Dataset excerpt:
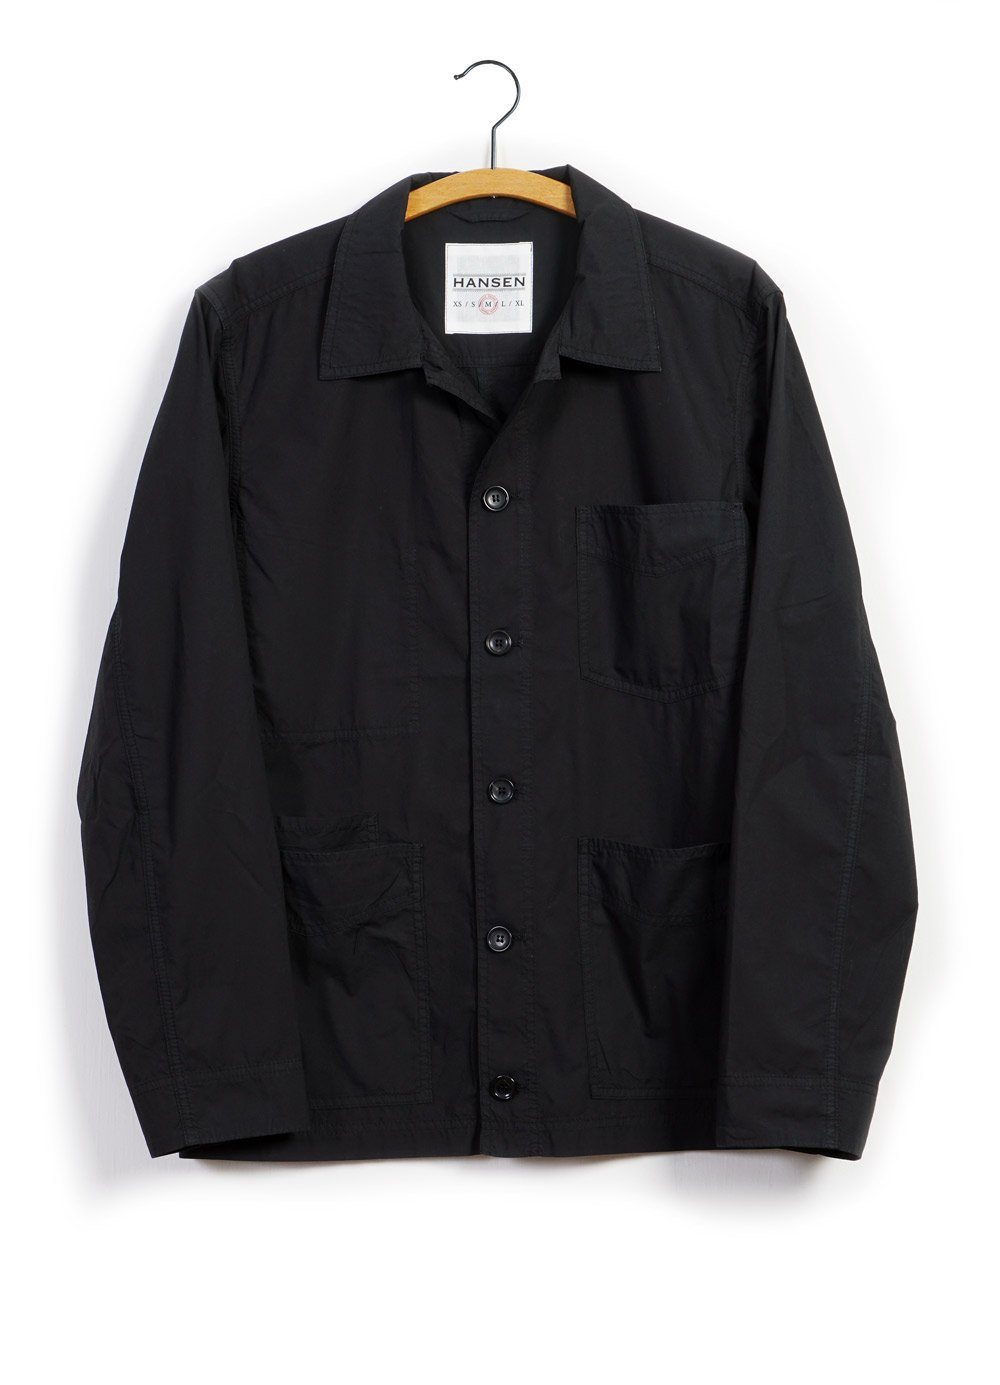 ANDERS | Super Light Summer Jacket | Black | HANSEN Garments
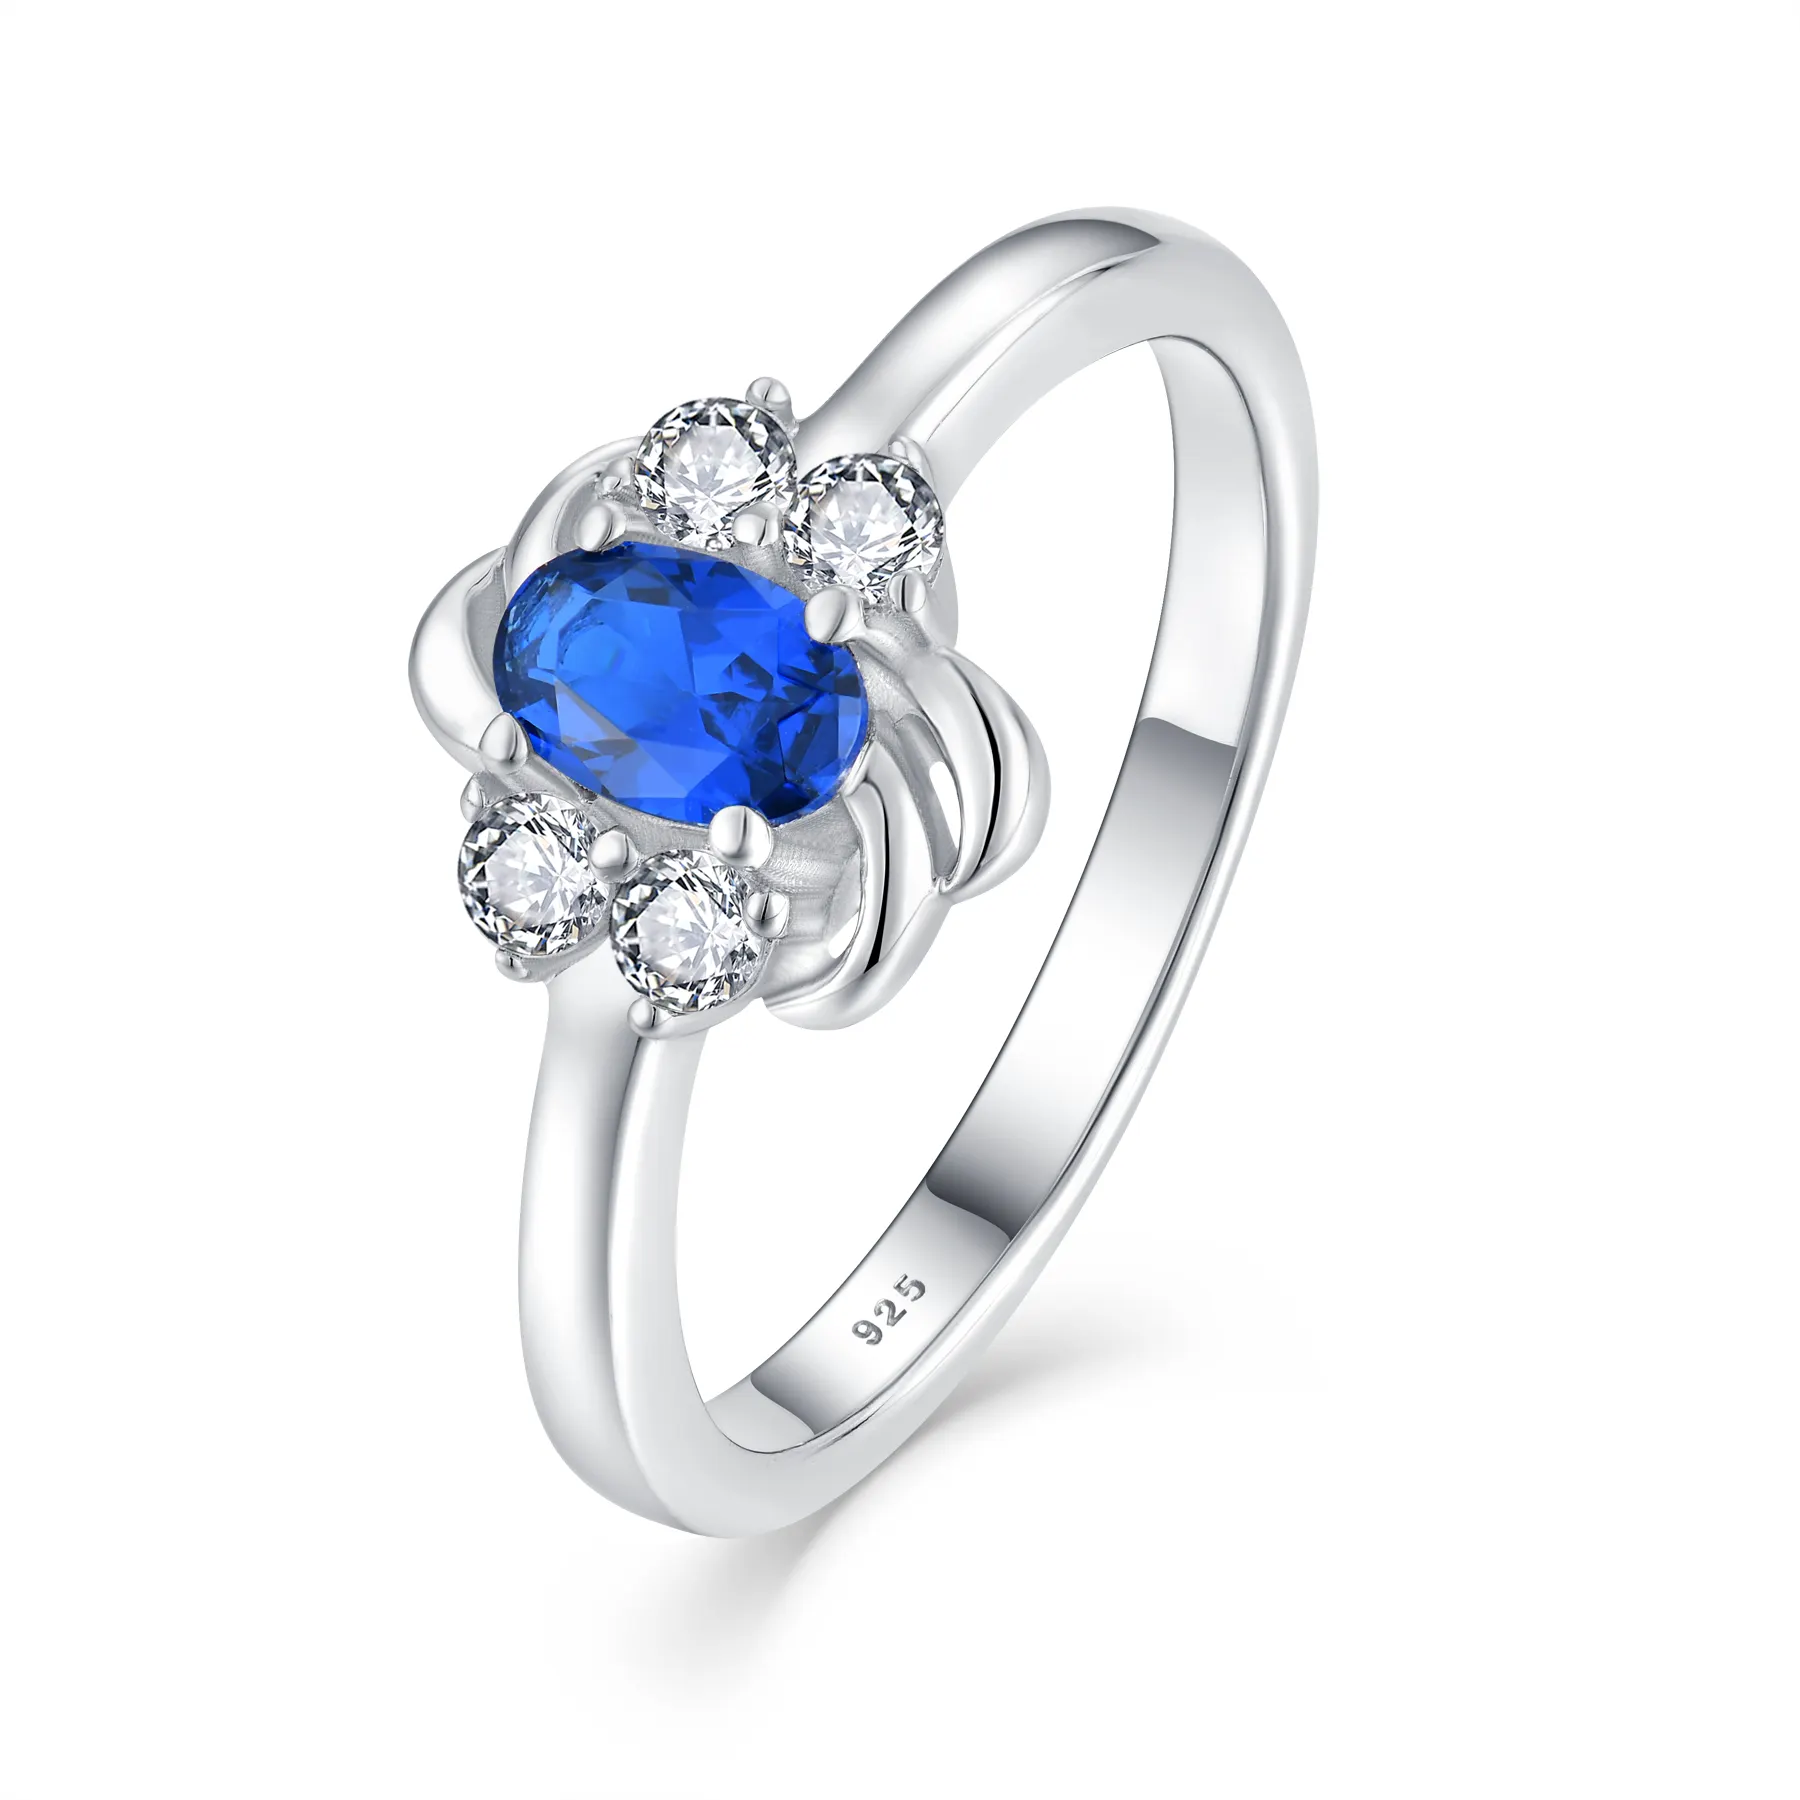 Produk baru bentuk pir mewah cincin zirkon perhiasan halus cincin safir berjemur lapis perak klasik 925 perak murni
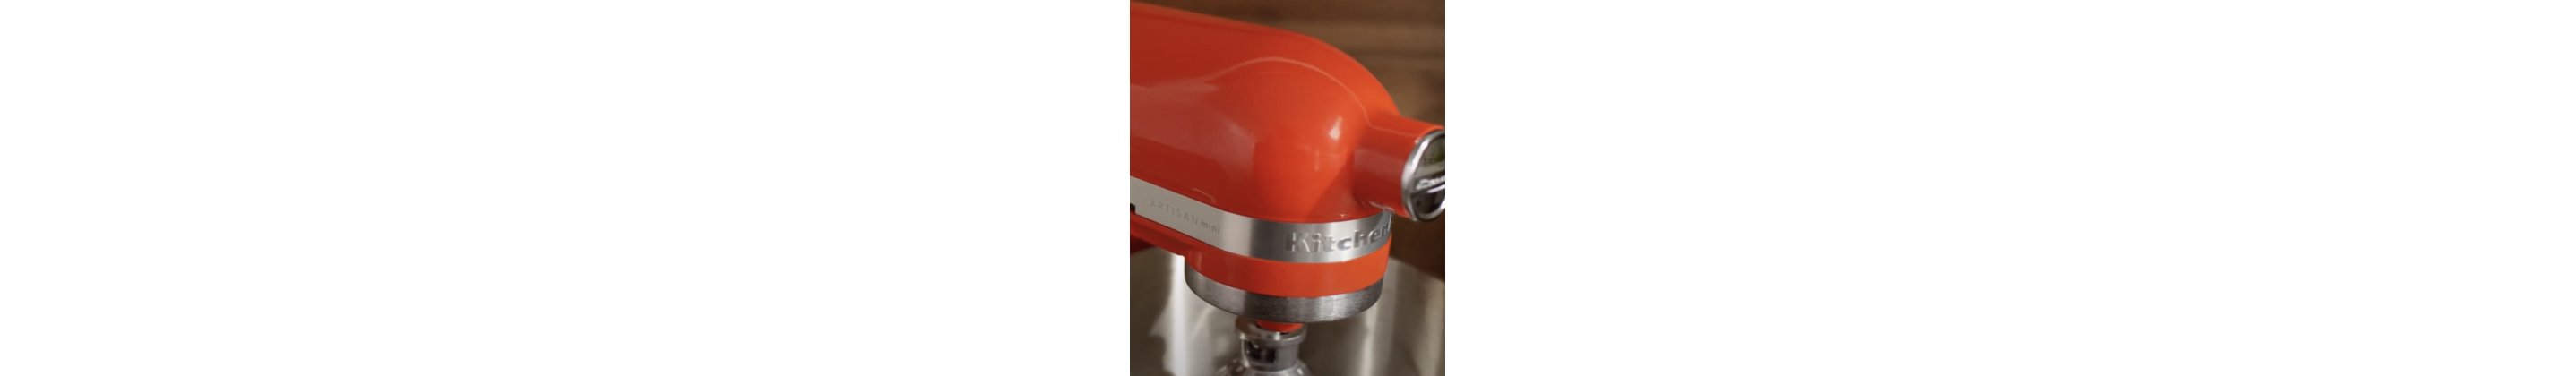 KitchenAid Artisan Mini 3.5 Quart Tilt-Head Stand Mixer - KSM3316X - Empire  Red

Requirement: Could you restate the material word for word, omitting the pictures?

Problem solution:
 ANDERS | Super Light Summer Jacket | Black | HANSEN Garments
 Produk baru bentuk pir mewah cincin zirkon perhiasan halus cincin safir berjemur lapis perak klasik 925 perak murni
 KitchenAid Artisan Mini 3.5 Quart Tilt-Head Stand Mixer - KSM3316X - Empire  Red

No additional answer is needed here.